__DATASET EXCERPT__:
★ ★ ★ ★ ★ ★ ★
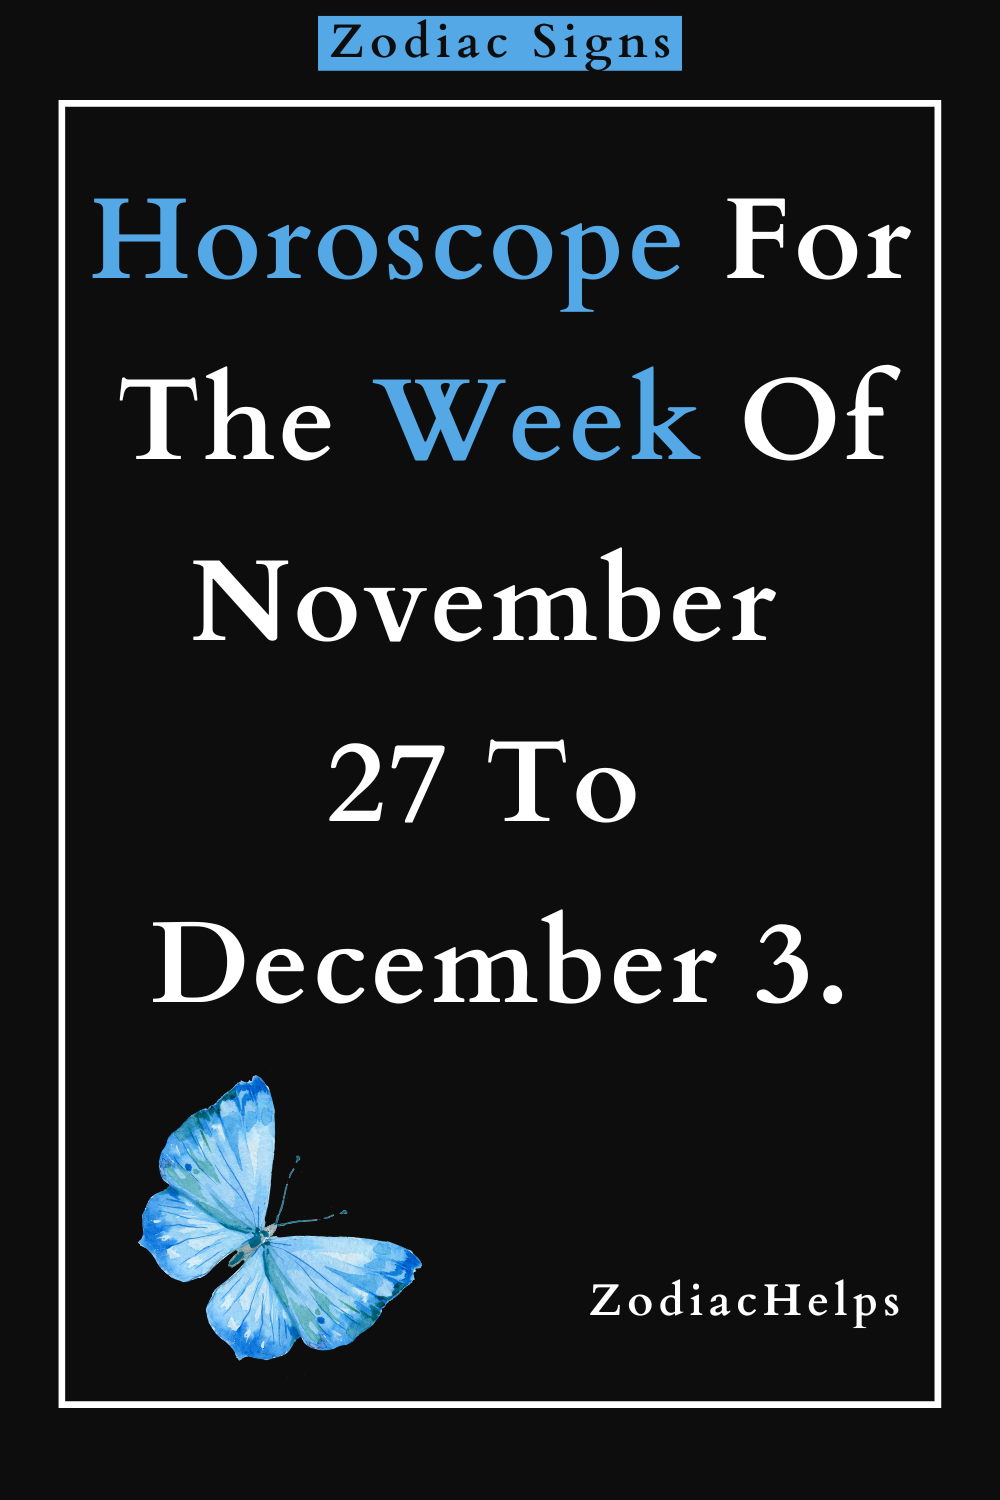 Horoscope For The Week Of November 27 To December 3.
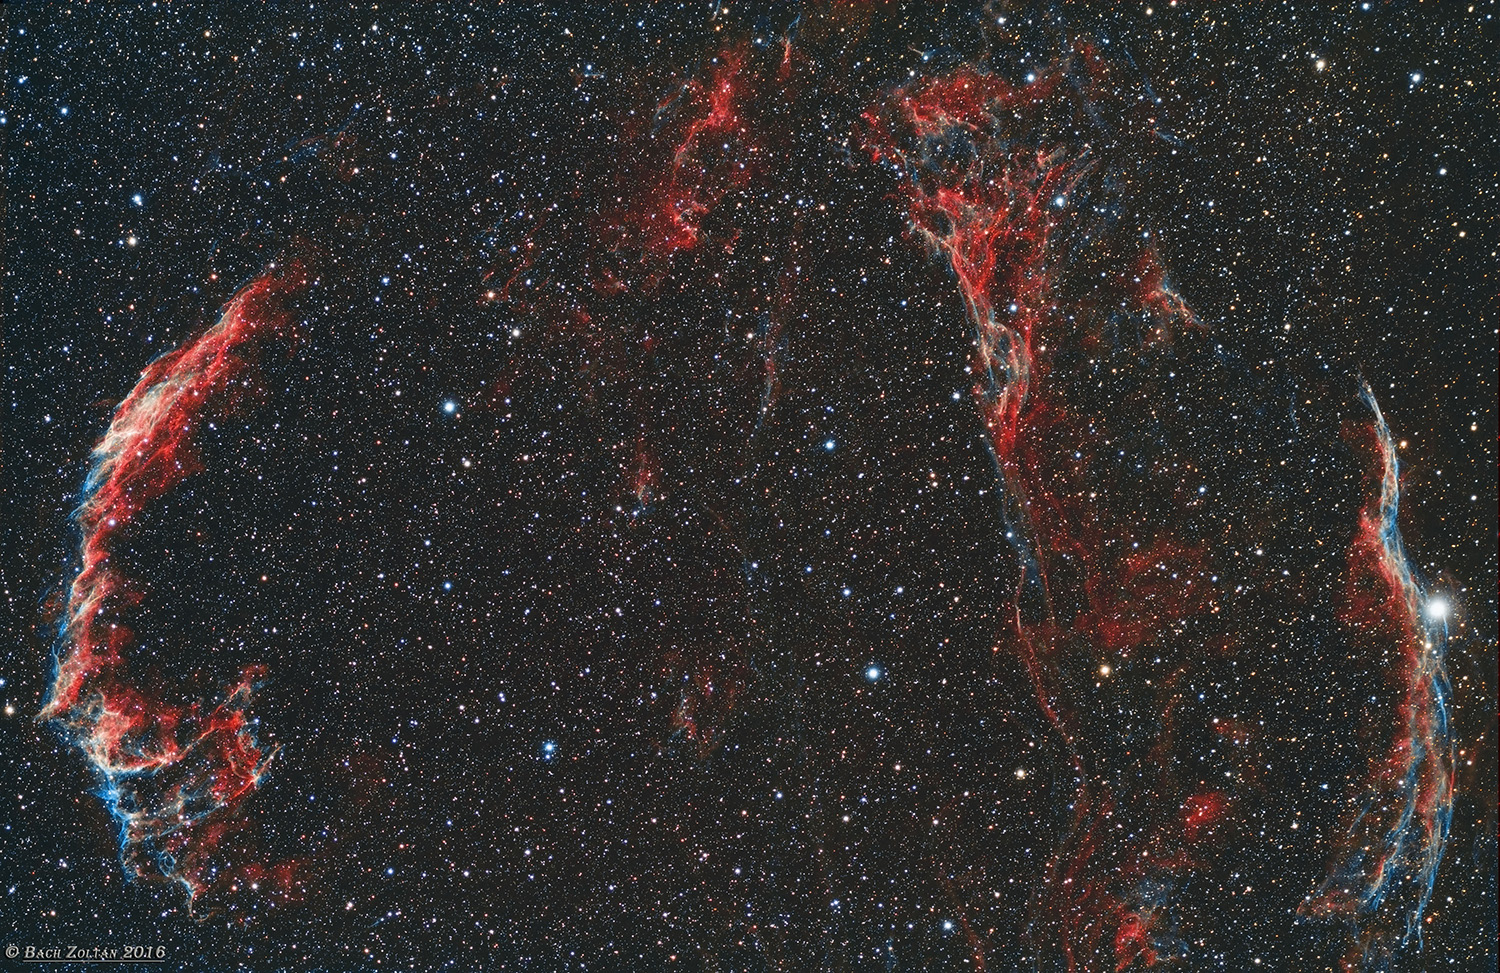 Veil Nebula region
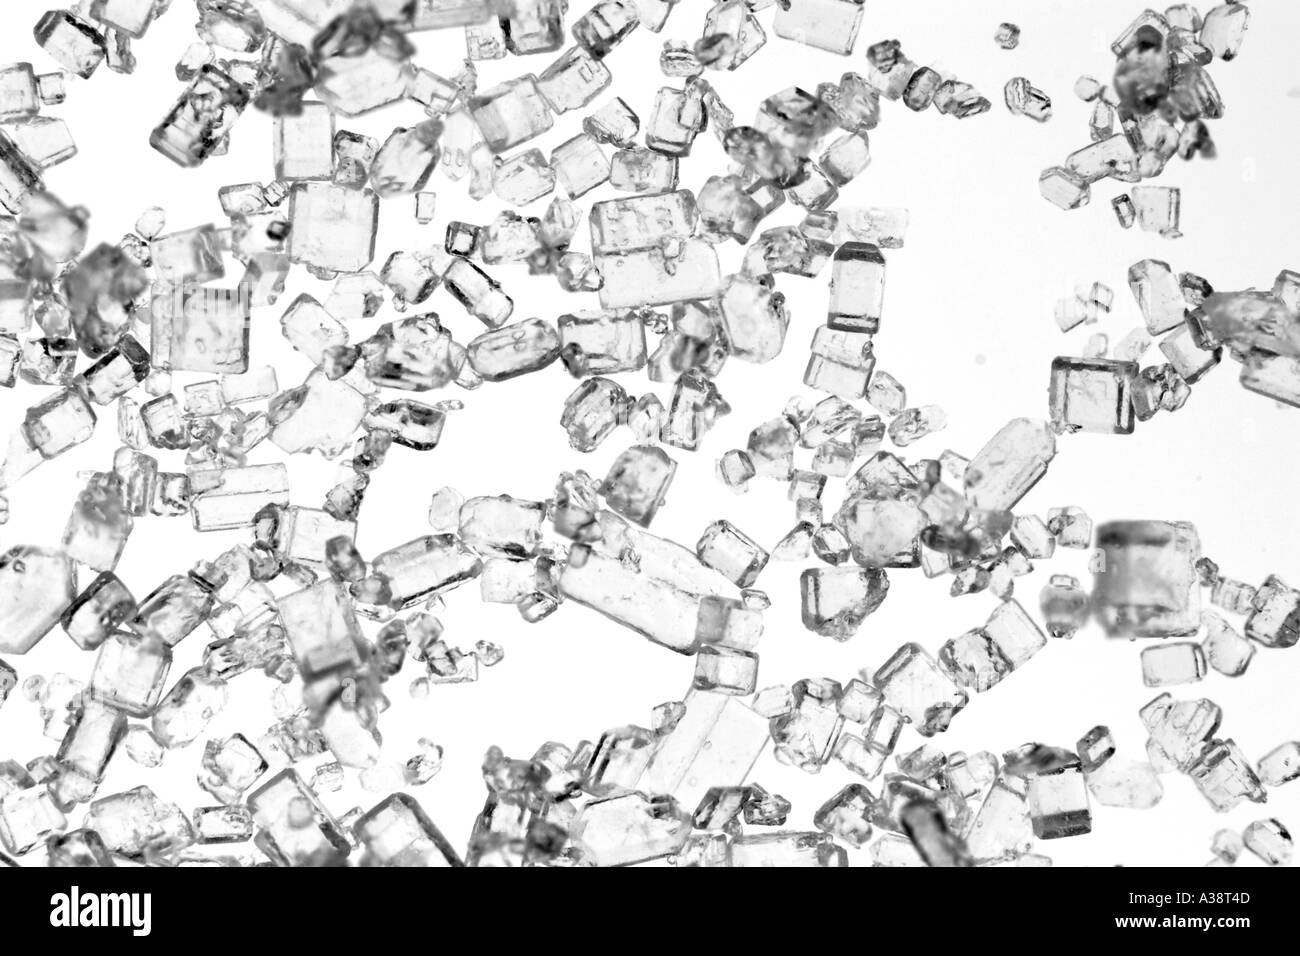 macro image of backlit sugar crystals Stock Photo
★ ★ ★ ★ ★ ★ ★
__WORK TO BE COMPLETED__: Pictures stay out; print everything else in the data exactly.

__ANSWER BOX__:
 Horoscope For The Week Of November 27 To December 3.
 Veil Nebula region
 macro image of backlit sugar crystals Stock Photo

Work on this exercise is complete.